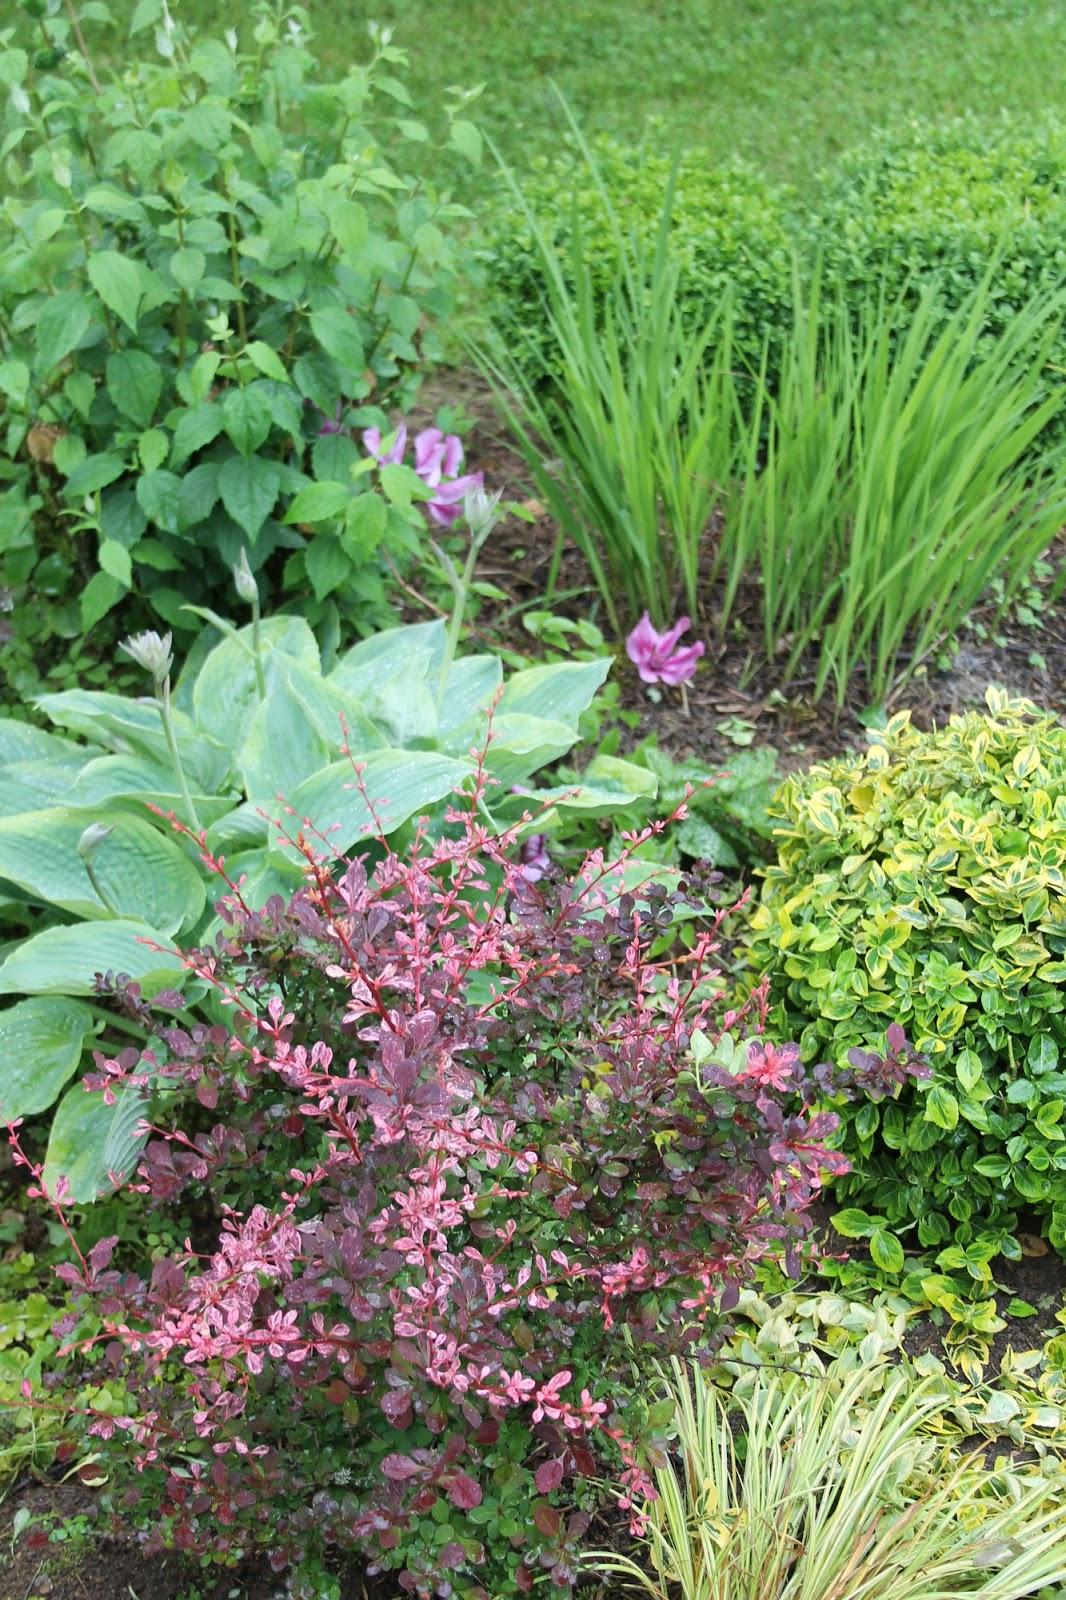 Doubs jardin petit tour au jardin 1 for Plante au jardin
--
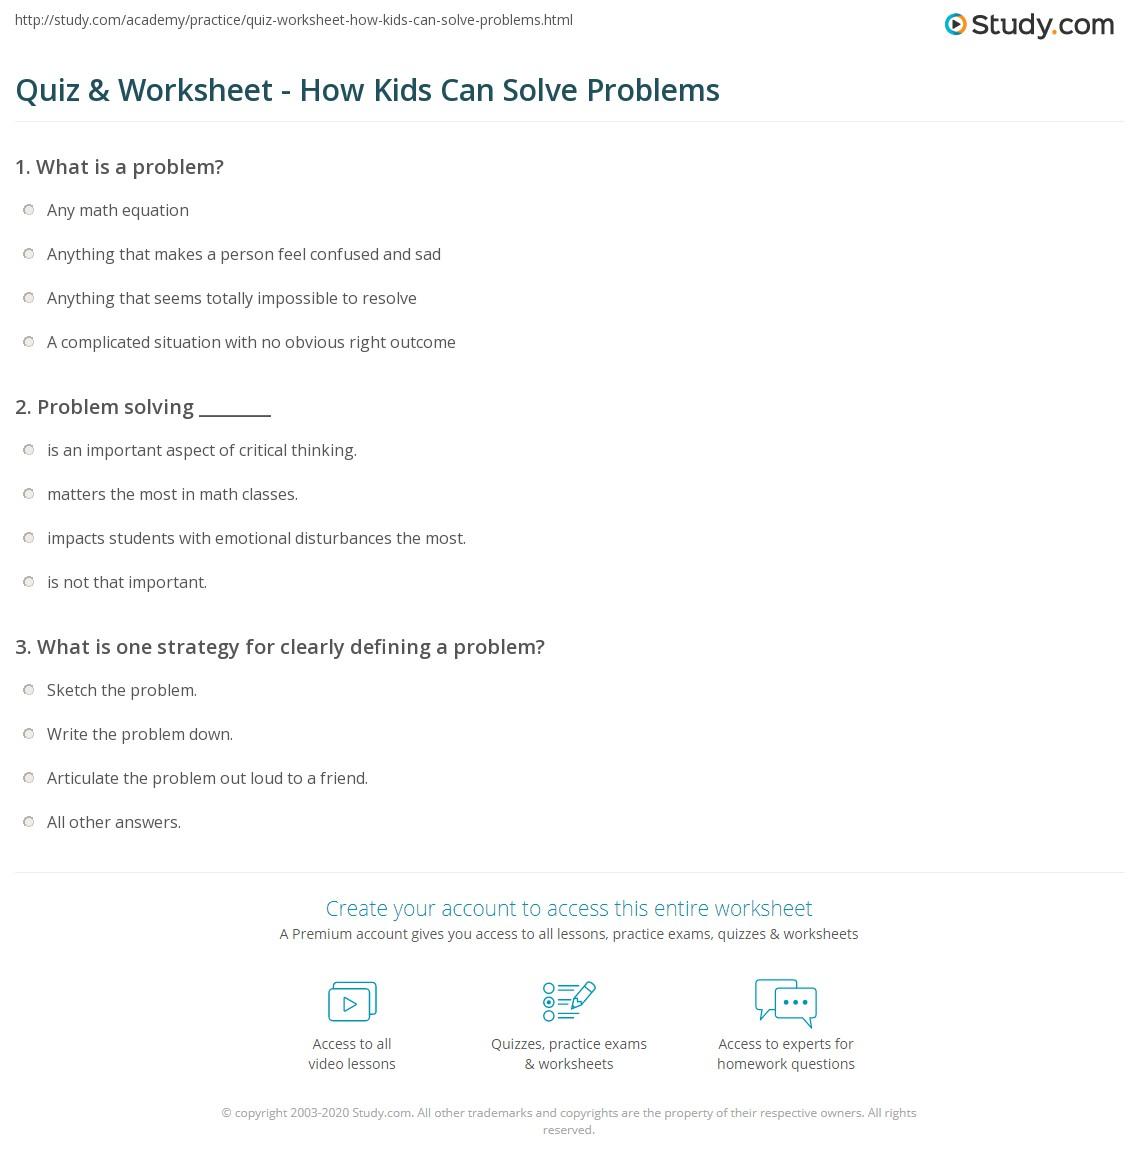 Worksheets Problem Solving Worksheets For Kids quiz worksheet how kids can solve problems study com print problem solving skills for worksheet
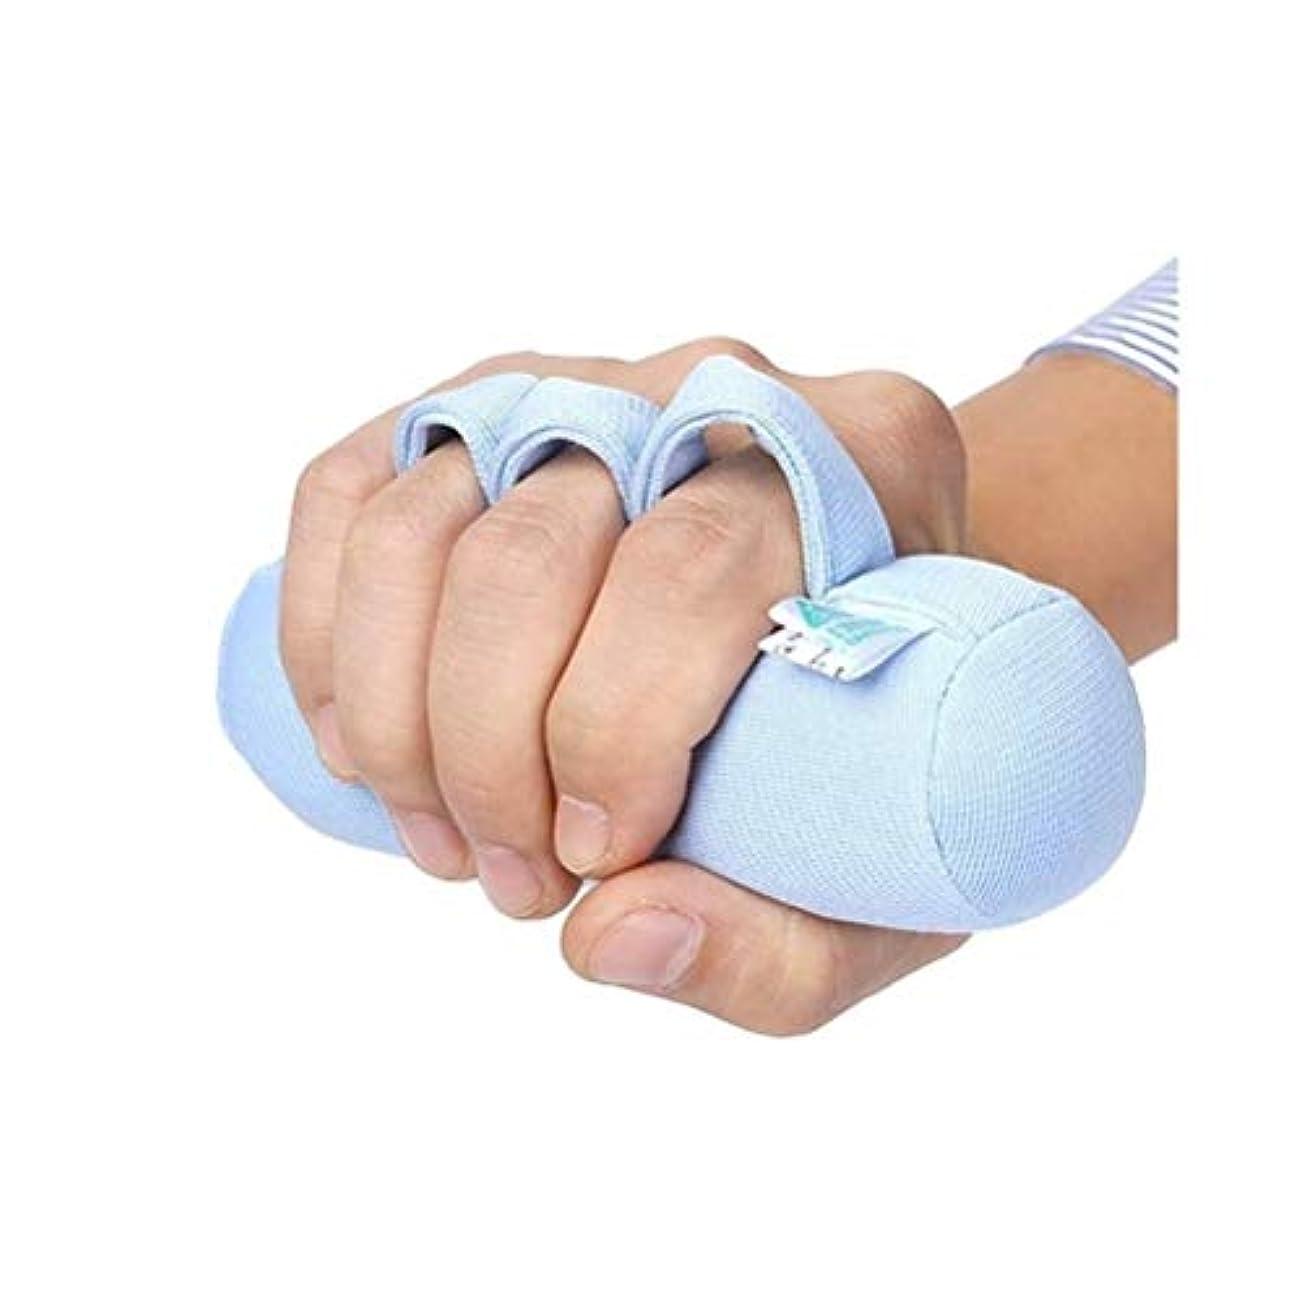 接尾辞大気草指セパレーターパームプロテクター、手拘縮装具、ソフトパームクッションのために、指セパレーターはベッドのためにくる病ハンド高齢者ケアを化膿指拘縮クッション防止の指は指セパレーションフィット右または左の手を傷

### Brief
Within the listing above, the lines starting at the one containing "Worksheets Problem Solving" and ending at the one containing "接尾辞大気草指セパレーターパ" are to be returned exactly. Omit the pictures.

### Result of the task
 Worksheets Problem Solving Worksheets For Kids quiz worksheet how kids can solve problems study com print problem solving skills for worksheet
 接尾辞大気草指セパレーターパームプロテクター、手拘縮装具、ソフトパームクッションのために、指セパレーターはベッドのためにくる病ハンド高齢者ケアを化膿指拘縮クッション防止の指は指セパレーションフィット右または左の手を傷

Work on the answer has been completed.